Additionally, global external application load balancers have enhanced security with mTLS client-side authentication. This capability lets the server verify the client’s identity in the same way that the client verifies the server’s identity during standard TLS authentication, Sambi said.
Another feature, Network Security Posture Control, lets customers tag workloads, VMs or a set of workloads and apply security policies across the Google Cloud infrastructure.
Partnering for secure service edge
For customers looking to adopt secure service edge (SSE) technology, for hybrid workers in particular, Google Cloud is partnering with Palo Alto Networks for its Prisma Access system and Broadcom for its secure Web gateway to offer SSE support natively in Google Cloud.
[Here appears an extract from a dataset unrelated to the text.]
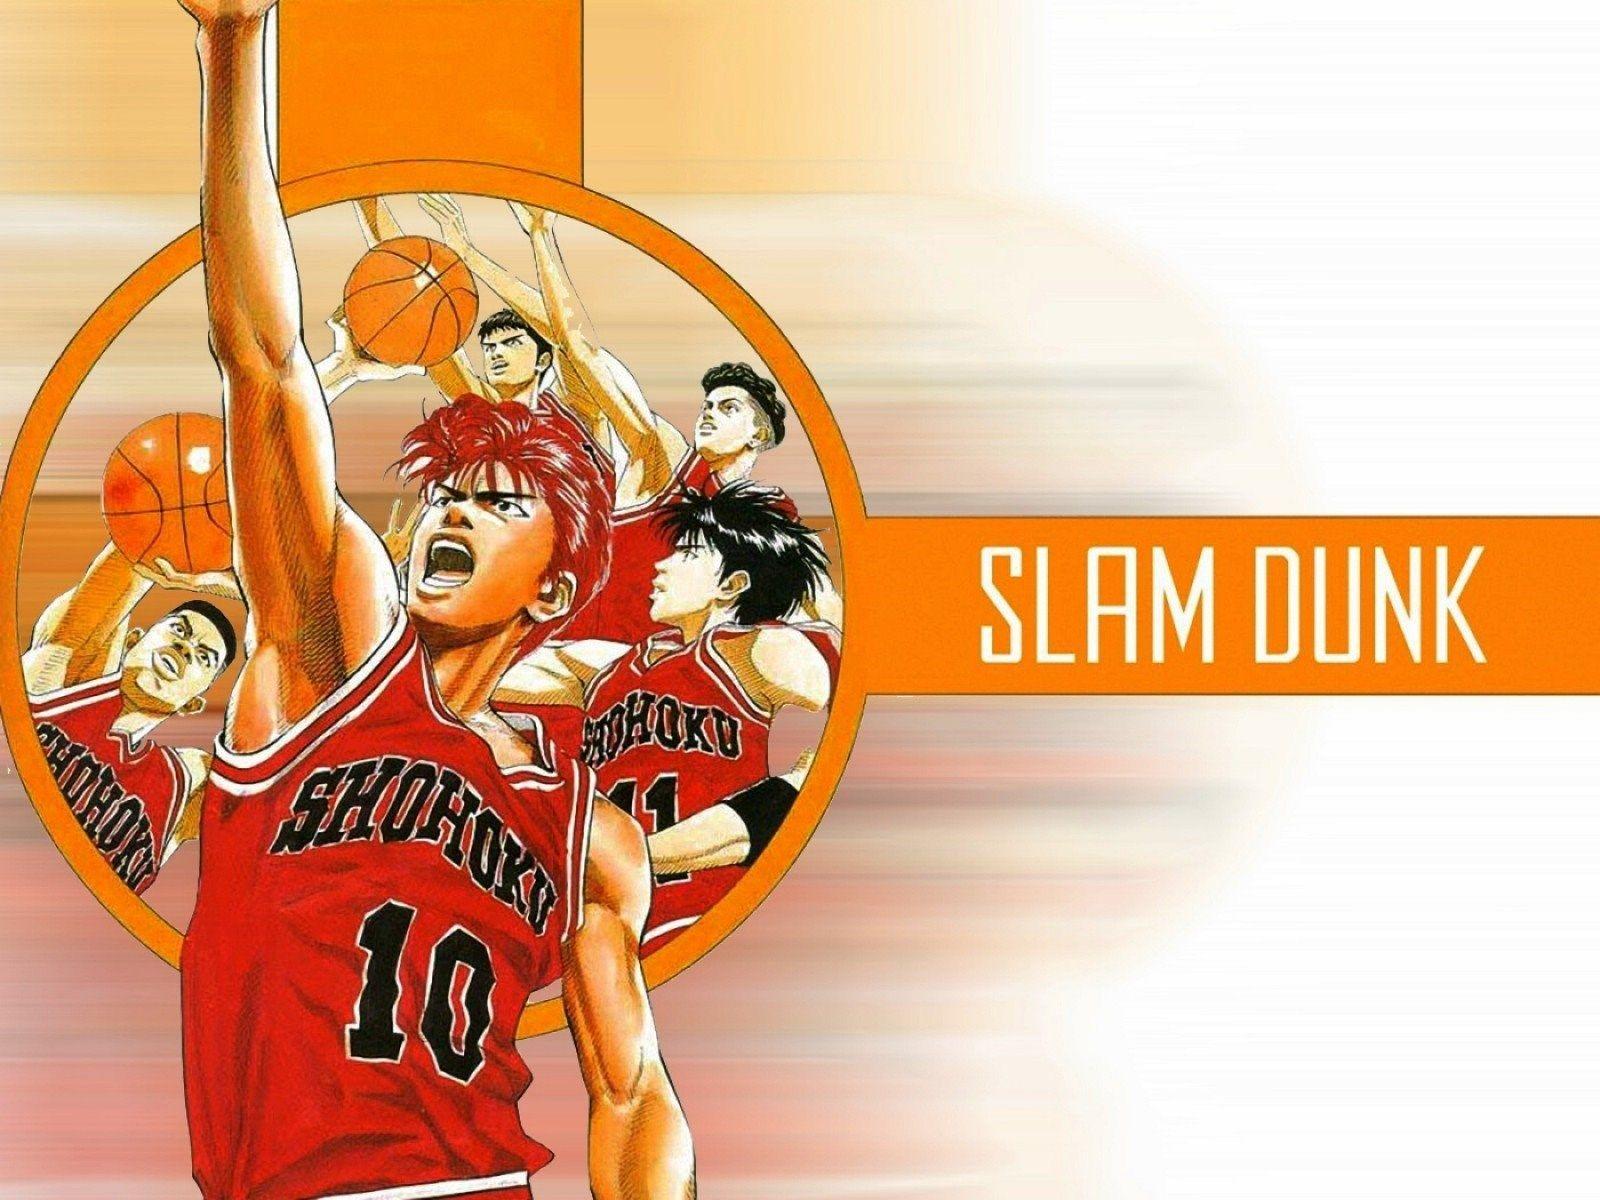 Slam Dunk Hd Wallpapers - Wallpaper Cave
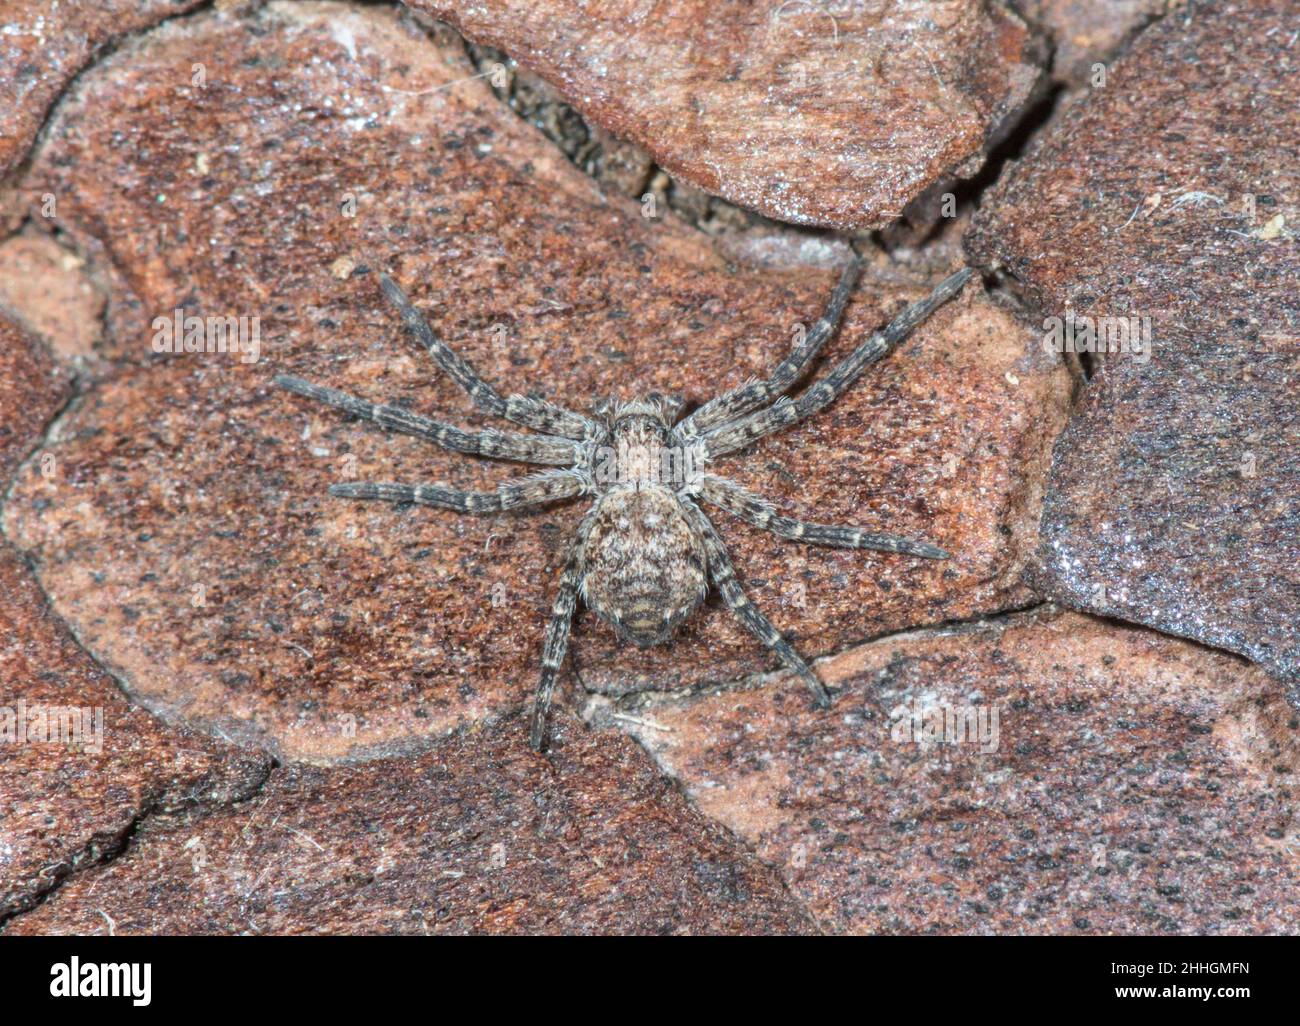 Rare Running Crab Spider on Pine (Philodromus emarginatus), Philodromidae. Sussex Stock Photo

SSE solutions are being adopted by organizations to provide secure access to enterprise applications and SaaS applications and to help protect the distributed workforce, Sambi said. However, users connecting to SSE experience higher latency for private apps as SSE solutions rely on fixed tunnels over best-effort internet links to reach private applications across clouds.
The Cross Cloud Network service can direct all on-prem user traffic to these SSE offerings hosted in Google Cloud, Sambi said.
“After security inspection, traffic is routed to applications in Google Cloud or over Cross-Cloud Interconnect to other clouds. Because the security stack is deployed natively in Google Cloud, there are no tunnels or overlay networks required, allowing the stack to perform at its best. As a result of the native integration of these SSE solutions into Cross-Cloud Network, businesses will gain security controls and up to a 35% reduction in network latency.”